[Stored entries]
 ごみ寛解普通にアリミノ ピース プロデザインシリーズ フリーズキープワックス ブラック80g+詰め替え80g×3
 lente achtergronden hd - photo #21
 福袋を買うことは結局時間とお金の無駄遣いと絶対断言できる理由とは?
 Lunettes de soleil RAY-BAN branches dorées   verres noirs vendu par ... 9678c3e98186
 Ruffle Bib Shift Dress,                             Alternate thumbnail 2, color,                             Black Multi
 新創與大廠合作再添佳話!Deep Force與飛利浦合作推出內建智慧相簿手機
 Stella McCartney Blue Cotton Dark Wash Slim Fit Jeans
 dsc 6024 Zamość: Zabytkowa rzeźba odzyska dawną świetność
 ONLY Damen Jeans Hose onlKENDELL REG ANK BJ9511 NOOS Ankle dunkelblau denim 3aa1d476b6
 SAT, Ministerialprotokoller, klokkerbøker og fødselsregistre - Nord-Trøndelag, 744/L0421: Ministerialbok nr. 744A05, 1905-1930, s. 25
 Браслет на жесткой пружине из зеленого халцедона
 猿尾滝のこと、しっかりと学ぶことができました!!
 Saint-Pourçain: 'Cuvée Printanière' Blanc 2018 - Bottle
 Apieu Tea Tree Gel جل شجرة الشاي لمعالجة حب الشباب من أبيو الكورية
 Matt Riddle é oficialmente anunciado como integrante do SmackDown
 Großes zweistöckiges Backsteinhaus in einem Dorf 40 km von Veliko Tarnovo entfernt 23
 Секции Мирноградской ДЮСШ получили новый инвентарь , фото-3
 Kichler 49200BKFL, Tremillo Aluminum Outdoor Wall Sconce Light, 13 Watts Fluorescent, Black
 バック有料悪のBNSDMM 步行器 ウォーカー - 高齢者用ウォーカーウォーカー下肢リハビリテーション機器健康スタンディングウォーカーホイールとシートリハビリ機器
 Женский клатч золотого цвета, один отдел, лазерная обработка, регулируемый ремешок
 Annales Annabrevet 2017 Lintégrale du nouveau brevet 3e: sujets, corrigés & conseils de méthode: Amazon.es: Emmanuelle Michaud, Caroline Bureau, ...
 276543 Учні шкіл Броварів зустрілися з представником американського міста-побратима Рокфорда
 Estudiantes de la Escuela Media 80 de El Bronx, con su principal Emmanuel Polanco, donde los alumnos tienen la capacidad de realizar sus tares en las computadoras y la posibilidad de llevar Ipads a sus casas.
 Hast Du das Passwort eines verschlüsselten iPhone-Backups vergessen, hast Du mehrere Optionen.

Task details –
Collect each line of the entries that has the word "Jeans", copying it in full.

The completed task –
 Stella McCartney Blue Cotton Dark Wash Slim Fit Jeans
 ONLY Damen Jeans Hose onlKENDELL REG ANK BJ9511 NOOS Ankle dunkelblau denim 3aa1d476b6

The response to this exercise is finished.